River paddlers reconvene during balloon festival

The Great Falls Paddling Society, a program of the Androscoggin Land Trust, is having its second “meeting” this weekend as part of the 18th annual Great Falls Balloon Festival.

Kayak and canoe enthusiasts are invited to get out their boats and meet other paddlers during hot air balloon launches, the last of which takes place at 5 p.m. today.

Paddlers will leave the Little Andy Park boat access on Second Street in Auburn at 4 p.m. today.

“Taking advantage of Lewiston-Auburn’s spectacular waterfront, lined with historic mill buildings and canals, just makes sense during the Great Falls Balloon Festival,” land trust Executive Director Jonathan LaBonte says. “Where else in New England can you paddle along an historic landscape and watch hot air balloons take flight overhead?”

The event is informal, free and meant to provide a new way for local residents and visitors to get out on the Androscoggin River and connect with others.

For more information, go online to www.androscogginlandtrust.org.


Androscoggin contests to support conserving river

The Upper Andro Two Fly Contest and Northeast Drift Boat Championship are scheduled for Sept. 17 and 18, in conjunction with Bethel’s annual Harvest Fest.

The competitions are the annual fundraisers for the Upper Andro Anglers Alliance, a nonprofit group dedicated to the conservation, protection, restoration and promotion of the natural fishing resource of the Upper Androscoggin River, its tributaries, watershed and environs. 

Contestants may use only two flies during the event, which starts at 6 a.m. on Saturday. Teams may launch from public launch sites at the New Hampshire border at Shelburne to Rumford Center. The contest concludes at 2 p.m.

The Two Fly contest will test the skills of anglers to fly fish for the most and the largest of the three trout species, brown, rainbow and brook found in the Upper Androscoggin River from the New Hampshire border to Rumford Center.

Teams of three including two anglers and a referee/oarsman must fish from a drift boat. All fish must be released live.

Prizes including rods and fishing gear supplied by Kittery Trading Post, L.L. Bean, Patagonia, Sun Valley Sports and the Orvis Company.

The Northeast Drift Boat Championship will be held at 3 p.m. Sept. 17. Designed as a spectator event, the competition will test oarsmen’s skills at navigating a course and rowing speed. Each drift boat must carry at least one angler, who must remain standing throughout the timed race. The launch will be from Bethel Outdoor Adventures on Route 2 and the finish line is at Davis Park in Bethel, a distance of a quarter mile.

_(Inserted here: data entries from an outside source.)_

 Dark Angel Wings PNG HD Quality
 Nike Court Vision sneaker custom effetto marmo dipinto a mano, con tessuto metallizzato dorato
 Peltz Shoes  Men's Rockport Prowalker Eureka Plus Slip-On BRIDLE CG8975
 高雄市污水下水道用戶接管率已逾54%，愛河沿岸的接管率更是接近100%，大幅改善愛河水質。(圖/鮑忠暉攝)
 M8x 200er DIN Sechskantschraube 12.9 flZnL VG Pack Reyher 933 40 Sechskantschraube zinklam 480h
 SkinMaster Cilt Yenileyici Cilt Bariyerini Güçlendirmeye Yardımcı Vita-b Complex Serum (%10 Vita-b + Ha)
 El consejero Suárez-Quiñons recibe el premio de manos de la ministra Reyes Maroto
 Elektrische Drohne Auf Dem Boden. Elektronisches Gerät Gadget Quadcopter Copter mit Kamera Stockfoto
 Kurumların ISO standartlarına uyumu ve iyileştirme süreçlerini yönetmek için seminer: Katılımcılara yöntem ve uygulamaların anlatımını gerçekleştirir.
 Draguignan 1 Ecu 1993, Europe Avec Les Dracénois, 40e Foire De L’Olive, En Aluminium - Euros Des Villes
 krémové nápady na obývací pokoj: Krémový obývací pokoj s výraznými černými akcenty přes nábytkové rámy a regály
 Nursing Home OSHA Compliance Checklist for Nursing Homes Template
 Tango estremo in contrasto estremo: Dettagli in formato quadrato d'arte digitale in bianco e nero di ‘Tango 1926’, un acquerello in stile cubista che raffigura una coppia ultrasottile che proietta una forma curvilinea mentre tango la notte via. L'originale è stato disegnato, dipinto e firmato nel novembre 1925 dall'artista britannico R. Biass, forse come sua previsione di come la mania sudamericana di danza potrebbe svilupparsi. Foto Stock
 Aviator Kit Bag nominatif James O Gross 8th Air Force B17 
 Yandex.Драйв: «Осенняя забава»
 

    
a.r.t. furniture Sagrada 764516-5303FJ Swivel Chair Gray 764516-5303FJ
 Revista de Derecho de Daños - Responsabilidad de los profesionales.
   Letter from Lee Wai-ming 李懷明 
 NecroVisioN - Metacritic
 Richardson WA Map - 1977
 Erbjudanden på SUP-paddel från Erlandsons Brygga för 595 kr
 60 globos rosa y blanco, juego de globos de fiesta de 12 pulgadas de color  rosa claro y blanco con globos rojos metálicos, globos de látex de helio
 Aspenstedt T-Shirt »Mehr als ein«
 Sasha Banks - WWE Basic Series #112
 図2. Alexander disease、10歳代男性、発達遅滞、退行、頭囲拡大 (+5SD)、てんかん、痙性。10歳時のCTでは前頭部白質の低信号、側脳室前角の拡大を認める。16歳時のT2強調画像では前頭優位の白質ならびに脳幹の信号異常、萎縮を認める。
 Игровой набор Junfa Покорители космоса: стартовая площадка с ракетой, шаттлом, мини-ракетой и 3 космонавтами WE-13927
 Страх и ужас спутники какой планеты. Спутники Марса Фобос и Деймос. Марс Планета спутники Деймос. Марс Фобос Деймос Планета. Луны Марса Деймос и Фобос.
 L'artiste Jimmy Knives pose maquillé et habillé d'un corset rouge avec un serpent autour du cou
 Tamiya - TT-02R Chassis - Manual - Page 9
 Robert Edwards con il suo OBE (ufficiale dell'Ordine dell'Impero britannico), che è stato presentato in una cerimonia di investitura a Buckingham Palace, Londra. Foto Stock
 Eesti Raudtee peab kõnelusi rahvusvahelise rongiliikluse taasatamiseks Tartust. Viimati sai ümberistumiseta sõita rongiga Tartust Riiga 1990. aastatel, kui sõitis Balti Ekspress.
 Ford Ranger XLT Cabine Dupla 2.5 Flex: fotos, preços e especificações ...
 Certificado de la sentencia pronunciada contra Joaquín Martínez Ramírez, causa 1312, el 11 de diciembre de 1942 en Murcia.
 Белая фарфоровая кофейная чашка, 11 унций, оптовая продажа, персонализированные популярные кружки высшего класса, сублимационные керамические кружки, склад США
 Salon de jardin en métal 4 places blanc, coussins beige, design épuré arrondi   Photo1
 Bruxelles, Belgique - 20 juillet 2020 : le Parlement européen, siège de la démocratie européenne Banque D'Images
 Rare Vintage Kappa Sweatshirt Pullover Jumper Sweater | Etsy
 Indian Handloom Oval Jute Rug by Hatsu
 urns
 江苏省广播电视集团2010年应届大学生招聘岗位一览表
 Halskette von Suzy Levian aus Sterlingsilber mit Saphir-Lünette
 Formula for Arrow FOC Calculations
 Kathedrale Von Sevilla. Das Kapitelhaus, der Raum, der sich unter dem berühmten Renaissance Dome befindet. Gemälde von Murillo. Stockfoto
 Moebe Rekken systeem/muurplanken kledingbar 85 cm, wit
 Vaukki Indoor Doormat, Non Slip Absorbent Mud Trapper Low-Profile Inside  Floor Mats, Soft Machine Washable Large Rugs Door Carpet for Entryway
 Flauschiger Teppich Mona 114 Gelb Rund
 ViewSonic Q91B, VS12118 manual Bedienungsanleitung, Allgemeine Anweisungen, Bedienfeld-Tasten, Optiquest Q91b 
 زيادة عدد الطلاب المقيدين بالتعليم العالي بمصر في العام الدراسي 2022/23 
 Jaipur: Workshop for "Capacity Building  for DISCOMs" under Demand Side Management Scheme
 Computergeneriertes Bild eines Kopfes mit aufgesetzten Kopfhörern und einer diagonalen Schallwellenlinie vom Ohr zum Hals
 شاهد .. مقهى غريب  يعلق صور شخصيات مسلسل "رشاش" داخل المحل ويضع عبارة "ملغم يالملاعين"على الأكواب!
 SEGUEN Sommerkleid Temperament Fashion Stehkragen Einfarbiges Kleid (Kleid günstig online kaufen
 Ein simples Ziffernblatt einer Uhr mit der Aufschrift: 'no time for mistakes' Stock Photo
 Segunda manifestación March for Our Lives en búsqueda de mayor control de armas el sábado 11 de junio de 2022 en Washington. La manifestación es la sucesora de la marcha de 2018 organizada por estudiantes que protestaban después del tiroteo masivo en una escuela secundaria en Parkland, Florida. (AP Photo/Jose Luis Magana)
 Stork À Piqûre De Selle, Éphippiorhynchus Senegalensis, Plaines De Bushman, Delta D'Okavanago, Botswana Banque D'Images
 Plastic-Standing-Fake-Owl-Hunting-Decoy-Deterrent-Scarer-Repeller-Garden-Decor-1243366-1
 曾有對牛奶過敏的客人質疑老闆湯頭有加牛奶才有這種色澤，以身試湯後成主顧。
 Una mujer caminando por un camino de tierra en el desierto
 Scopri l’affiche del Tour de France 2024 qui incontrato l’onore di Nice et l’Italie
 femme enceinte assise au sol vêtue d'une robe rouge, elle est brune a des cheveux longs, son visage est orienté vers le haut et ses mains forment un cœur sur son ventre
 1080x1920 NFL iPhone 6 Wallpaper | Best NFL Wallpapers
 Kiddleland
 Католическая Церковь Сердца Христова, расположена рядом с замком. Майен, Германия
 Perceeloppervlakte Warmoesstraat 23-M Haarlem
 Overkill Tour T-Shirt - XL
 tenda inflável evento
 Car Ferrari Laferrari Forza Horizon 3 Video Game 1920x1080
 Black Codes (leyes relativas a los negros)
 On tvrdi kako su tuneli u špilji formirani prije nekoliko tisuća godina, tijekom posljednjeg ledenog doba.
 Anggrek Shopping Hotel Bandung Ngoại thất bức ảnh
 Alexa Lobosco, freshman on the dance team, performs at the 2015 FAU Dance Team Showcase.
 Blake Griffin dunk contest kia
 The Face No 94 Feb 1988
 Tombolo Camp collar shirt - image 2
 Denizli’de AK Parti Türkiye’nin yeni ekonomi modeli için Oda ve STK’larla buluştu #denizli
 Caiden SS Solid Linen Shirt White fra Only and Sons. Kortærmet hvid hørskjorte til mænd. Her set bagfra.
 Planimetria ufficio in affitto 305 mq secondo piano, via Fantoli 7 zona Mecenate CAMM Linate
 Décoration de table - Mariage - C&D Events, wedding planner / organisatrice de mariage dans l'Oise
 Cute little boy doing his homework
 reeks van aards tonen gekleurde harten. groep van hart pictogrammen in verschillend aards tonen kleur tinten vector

Official contest rules and a registration form are available at www.upperandro.com.


New museum offers look at outdoor sporting history

The $1 million Rangeley Outdoor Sporting Heritage Museum opened last weekend in this western Maine village.

The 3,500-square-foot log museum built by the Rangeley Lakes Region Historical Society is on the site of the old narrow gauge railroad station at the corner of routes 4 and 17.

Along with historic documents and photographs of legendary guides and characters from the region, it houses the finest and largest collection of Carrie Stevens fishing flies in the world, and lore on the steamships that plied the region’s lakes.

For more information, go online to www.rangeleyoutdoormuseum.org.


New book tells stories of lands preserved by trust

The Kennebec Land Trust releases its first book, “Between Person and Place: Conservation Histories from the Kennebec Land Trust,” today.

The 48-page book features essays and photographs that capture the stories behind the trust’s conservation lands.

Two book release events are planned at trust properties: one at 12:30 today at the Small-Burnham Conservation Area in Litchfield, and a second at the Sturtevant Farm Scenic Area in Fayette on Oct. 2.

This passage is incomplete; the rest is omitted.